Regenerate removed implicit defs in BranchFolder where necessary
AbandonedPublic

Authored by kparzysz on Oct 7 2016, 8:15 AM.

Details

Reviewers
qcolombet
MatzeB
Summary

Branch folder removes implicit defs if they are the only non-branching instructions in a block, and the branches do not use the defined registers. The problem is that in some cases these implicit defs are required for the liveness information to be correct.
After branch optimizations, regenerate those implicit defs that are still necessary.

Diff Detail

Repository
rL LLVM

Event Timeline

kparzysz updated this revision to Diff 73934.Oct 7 2016, 8:15 AM
kparzysz retitled this revision from to Regenerate removed implicit defs in BranchFolder where necessary.
kparzysz updated this object.
kparzysz added reviewers: MatzeB, qcolombet.
kparzysz set the repository for this revision to rL LLVM.
kparzysz added a subscriber: llvm-commits.
MatzeB edited edge metadata.Oct 7 2016, 5:46 PM

Hmm BranchFolder::OptimizeImpDefsBlock() has some odd logic indeed, I wonder why nobody found problems with it earlier.

The patch is slightly odd as well. BranchFolder::RegenerateImpDefsInBlock() should be able to restore any missing IMPLICIT_DEFS, so I am not sure why that global set of registers is kept. This also makes me feel uneasy, the approach does not target blocks where IMPLICIT_DEFS were removed (or rather their new predecessors in case they got merged), but instead attempts to fix up any block. (The entry in the ImpDefRegs set may come from a completely different basic block). Nonetheless given that this appears to be broken right now I would not be opposed to the patch when some of the points below are addressed:

lib/CodeGen/BranchFolding.cpp
160

What was wrong with SmallSet? SmallSet is usually the better choice over std::set because it provides inline storage and I would consider a small number of elements likely here. Also std::set is ordered and therefore usually not implemented with more efficient hashing.

167–169

Maybe only put "Reg" into the set. And instead does some TRI.regsOerlap() test in the 2nd loop. This may be slightly more efficient anyway as I would expect the tupical unconditional branch has no inputs so there is nothing to test. But the real benefit would be to not have all those subregs in the ImpDefRegs set later.

200–202

This should probably not be restricted to physregs.

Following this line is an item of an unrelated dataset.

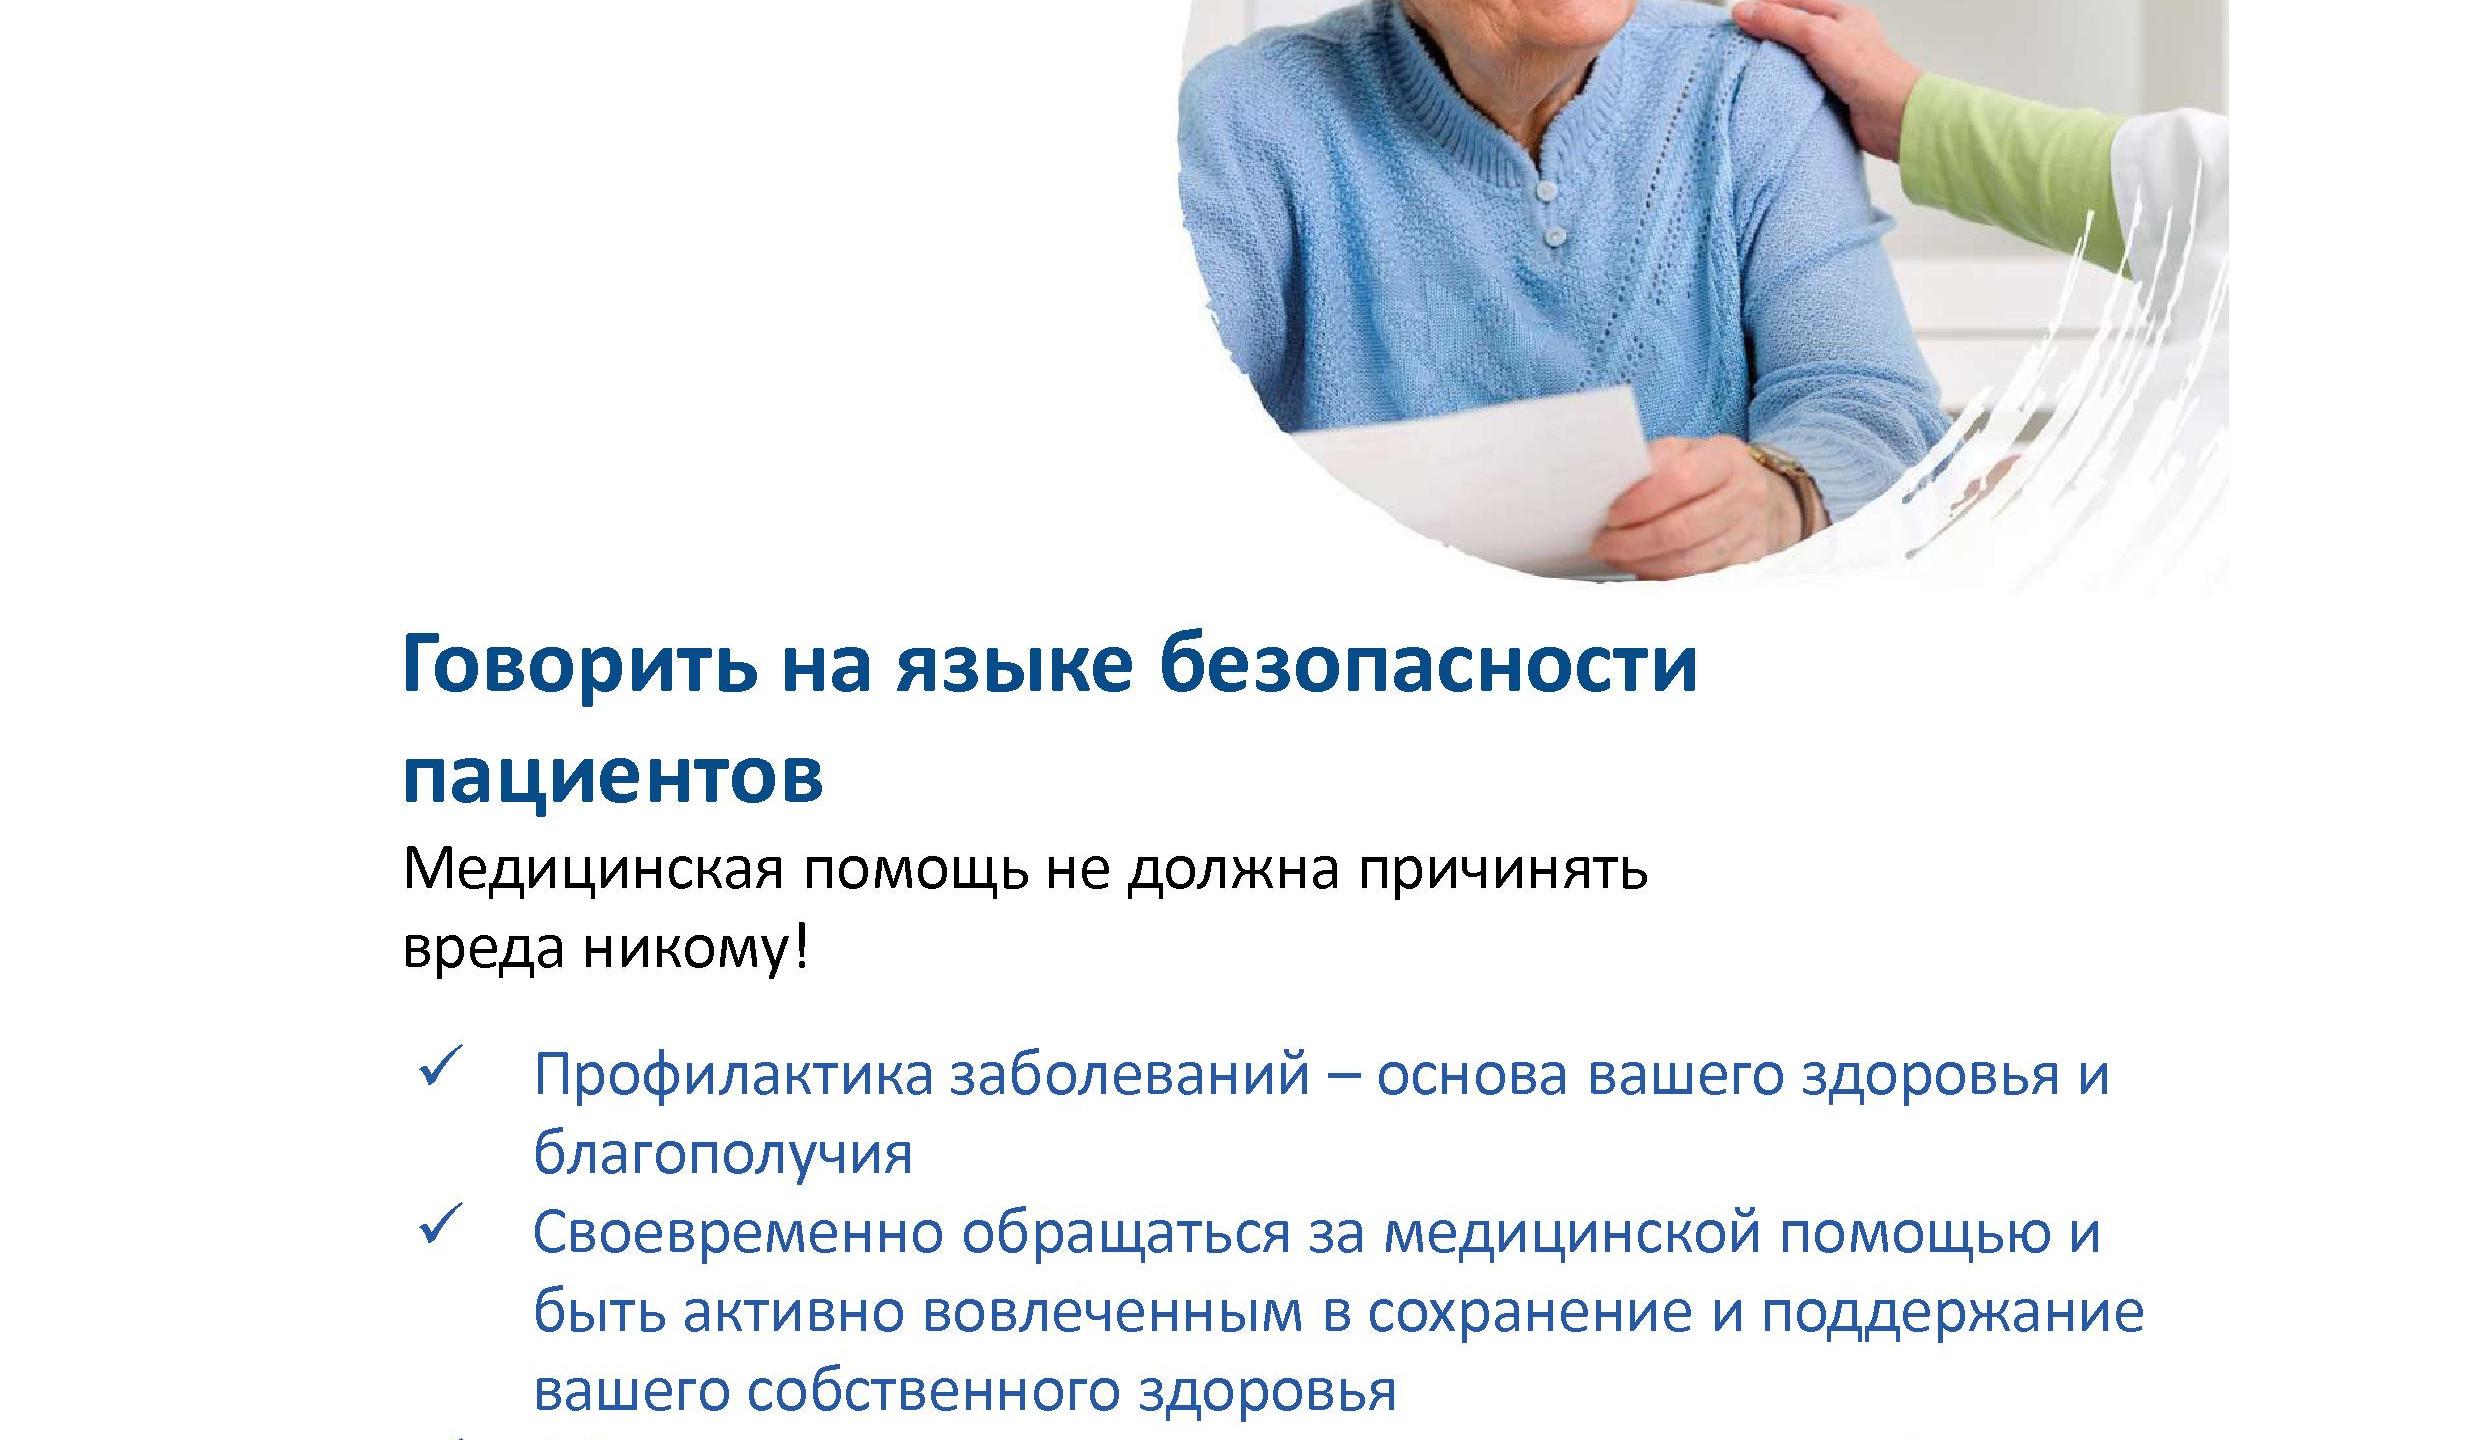 Постер для пациентов

The pass description claims that the pass should also work with virtual regs. (NVPTX and WebAsm are still using virtual registers late in the codegen pipeline).

215

Using stepForward is discouraged. It will result in overly conservative liveness in case of missing kill flags. If possible go for stepBackward().

Proposal for a different strategy:
Collect live out regs, make a copy of that set
check each instruction backwards:

check operands:
    on reg define: remove reg from the copy set
    on reg kill: check if reg is still in the copy set, if so append IMPLICIT_DEF at the end
simulate liveness on the normal set

when reaching the beginning compare liveregs with liveins, for missing regs add IMPLICIT_DEF instruction.

275

SmallSet?

302

All of this can be skipped if ImpDefRegs.empty() or MachineRegisterInfo::tracksLiveness() returns false.

Hmm BranchFolder::OptimizeImpDefsBlock() has some odd logic indeed, I wonder why nobody found problems with it earlier.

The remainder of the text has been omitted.